Exercise:
Copy out exactly the lines below that run from the one holding "Pokémon card. Marnie" to the one holding "Sechs Historismus-Messer.800/000 Silber", keeping both of those lines and no others.

──────── Information provided

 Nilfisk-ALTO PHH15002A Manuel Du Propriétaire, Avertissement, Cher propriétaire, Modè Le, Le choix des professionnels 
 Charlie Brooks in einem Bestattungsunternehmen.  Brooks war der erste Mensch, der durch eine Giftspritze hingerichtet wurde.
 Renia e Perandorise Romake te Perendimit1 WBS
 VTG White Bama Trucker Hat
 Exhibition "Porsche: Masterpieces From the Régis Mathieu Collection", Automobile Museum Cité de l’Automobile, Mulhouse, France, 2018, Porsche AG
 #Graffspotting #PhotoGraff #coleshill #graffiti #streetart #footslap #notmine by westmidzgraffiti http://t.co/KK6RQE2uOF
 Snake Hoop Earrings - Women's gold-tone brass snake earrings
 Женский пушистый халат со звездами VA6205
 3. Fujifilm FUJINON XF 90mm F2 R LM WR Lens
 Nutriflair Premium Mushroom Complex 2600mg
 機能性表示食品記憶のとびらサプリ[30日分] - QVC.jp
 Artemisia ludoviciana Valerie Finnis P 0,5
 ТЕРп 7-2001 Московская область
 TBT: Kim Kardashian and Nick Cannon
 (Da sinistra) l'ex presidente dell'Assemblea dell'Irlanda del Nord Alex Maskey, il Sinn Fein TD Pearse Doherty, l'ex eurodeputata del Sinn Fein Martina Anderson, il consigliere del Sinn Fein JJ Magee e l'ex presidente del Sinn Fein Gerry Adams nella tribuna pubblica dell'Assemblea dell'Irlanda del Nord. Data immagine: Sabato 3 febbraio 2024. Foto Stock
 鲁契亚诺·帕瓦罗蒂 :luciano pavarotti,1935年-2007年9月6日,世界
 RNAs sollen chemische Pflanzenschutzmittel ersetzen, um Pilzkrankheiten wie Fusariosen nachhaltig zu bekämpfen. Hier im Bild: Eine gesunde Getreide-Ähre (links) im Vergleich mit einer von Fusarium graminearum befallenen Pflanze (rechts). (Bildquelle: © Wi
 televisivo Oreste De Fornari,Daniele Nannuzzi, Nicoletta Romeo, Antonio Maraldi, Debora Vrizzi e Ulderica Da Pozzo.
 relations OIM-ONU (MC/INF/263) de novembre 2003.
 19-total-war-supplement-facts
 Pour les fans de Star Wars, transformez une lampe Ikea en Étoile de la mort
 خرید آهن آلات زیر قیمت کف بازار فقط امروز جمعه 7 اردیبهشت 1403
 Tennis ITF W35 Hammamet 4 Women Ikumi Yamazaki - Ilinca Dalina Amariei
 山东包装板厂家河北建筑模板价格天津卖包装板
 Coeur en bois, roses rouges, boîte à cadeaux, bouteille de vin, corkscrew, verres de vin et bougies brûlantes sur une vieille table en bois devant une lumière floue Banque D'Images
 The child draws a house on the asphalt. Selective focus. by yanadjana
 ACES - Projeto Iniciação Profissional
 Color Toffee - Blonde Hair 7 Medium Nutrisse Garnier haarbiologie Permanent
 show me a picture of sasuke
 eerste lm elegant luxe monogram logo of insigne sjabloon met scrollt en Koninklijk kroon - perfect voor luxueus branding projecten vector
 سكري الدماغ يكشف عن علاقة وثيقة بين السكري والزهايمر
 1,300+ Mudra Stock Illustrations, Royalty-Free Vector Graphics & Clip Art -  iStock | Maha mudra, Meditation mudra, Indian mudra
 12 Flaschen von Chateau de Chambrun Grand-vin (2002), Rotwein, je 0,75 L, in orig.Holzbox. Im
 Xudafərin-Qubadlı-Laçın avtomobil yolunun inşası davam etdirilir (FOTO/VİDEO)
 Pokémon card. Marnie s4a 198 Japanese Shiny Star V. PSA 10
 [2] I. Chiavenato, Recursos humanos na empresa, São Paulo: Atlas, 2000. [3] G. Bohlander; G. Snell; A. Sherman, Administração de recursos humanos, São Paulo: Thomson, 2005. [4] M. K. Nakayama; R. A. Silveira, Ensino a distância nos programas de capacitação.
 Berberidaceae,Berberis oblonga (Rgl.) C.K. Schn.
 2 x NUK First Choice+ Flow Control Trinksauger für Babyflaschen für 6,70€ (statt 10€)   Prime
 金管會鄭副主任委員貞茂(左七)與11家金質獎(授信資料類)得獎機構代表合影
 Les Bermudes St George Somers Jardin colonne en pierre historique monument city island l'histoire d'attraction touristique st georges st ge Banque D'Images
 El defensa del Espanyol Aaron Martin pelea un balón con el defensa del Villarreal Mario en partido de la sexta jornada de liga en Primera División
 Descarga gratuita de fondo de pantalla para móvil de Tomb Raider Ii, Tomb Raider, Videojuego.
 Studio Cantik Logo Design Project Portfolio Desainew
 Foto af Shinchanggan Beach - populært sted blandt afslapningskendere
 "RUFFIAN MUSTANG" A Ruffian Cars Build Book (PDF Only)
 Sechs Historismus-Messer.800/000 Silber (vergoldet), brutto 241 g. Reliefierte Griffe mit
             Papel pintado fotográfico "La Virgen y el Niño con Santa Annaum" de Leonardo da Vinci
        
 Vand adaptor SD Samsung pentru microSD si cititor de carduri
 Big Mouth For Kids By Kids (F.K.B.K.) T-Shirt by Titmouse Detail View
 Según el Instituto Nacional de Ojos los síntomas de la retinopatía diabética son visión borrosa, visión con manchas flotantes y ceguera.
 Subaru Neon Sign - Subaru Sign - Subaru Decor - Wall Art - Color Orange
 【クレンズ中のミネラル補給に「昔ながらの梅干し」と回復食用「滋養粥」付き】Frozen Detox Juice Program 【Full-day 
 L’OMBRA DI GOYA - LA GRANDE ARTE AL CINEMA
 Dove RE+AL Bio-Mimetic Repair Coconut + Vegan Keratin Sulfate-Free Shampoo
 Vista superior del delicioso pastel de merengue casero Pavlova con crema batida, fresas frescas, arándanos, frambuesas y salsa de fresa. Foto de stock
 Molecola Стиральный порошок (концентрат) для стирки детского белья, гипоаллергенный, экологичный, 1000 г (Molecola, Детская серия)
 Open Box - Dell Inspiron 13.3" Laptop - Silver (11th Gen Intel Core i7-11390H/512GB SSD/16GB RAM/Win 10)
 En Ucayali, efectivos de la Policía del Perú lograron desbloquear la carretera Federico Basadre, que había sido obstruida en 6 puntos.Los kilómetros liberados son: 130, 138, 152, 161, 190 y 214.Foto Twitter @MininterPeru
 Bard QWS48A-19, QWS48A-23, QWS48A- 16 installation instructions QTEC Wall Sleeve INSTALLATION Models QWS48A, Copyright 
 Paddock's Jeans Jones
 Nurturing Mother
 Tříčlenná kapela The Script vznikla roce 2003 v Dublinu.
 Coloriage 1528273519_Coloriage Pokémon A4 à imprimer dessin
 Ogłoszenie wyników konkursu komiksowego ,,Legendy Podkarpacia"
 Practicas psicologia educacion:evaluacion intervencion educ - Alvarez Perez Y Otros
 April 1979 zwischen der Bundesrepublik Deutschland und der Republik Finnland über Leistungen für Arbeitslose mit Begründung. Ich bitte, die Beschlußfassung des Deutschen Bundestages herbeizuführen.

────────────────

Exercise response:
 Pokémon card. Marnie s4a 198 Japanese Shiny Star V. PSA 10
 [2] I. Chiavenato, Recursos humanos na empresa, São Paulo: Atlas, 2000. [3] G. Bohlander; G. Snell; A. Sherman, Administração de recursos humanos, São Paulo: Thomson, 2005. [4] M. K. Nakayama; R. A. Silveira, Ensino a distância nos programas de capacitação.
 Berberidaceae,Berberis oblonga (Rgl.) C.K. Schn.
 2 x NUK First Choice+ Flow Control Trinksauger für Babyflaschen für 6,70€ (statt 10€)   Prime
 金管會鄭副主任委員貞茂(左七)與11家金質獎(授信資料類)得獎機構代表合影
 Les Bermudes St George Somers Jardin colonne en pierre historique monument city island l'histoire d'attraction touristique st georges st ge Banque D'Images
 El defensa del Espanyol Aaron Martin pelea un balón con el defensa del Villarreal Mario en partido de la sexta jornada de liga en Primera División
 Descarga gratuita de fondo de pantalla para móvil de Tomb Raider Ii, Tomb Raider, Videojuego.
 Studio Cantik Logo Design Project Portfolio Desainew
 Foto af Shinchanggan Beach - populært sted blandt afslapningskendere
 "RUFFIAN MUSTANG" A Ruffian Cars Build Book (PDF Only)
 Sechs Historismus-Messer.800/000 Silber (vergoldet), brutto 241 g. Reliefierte Griffe mit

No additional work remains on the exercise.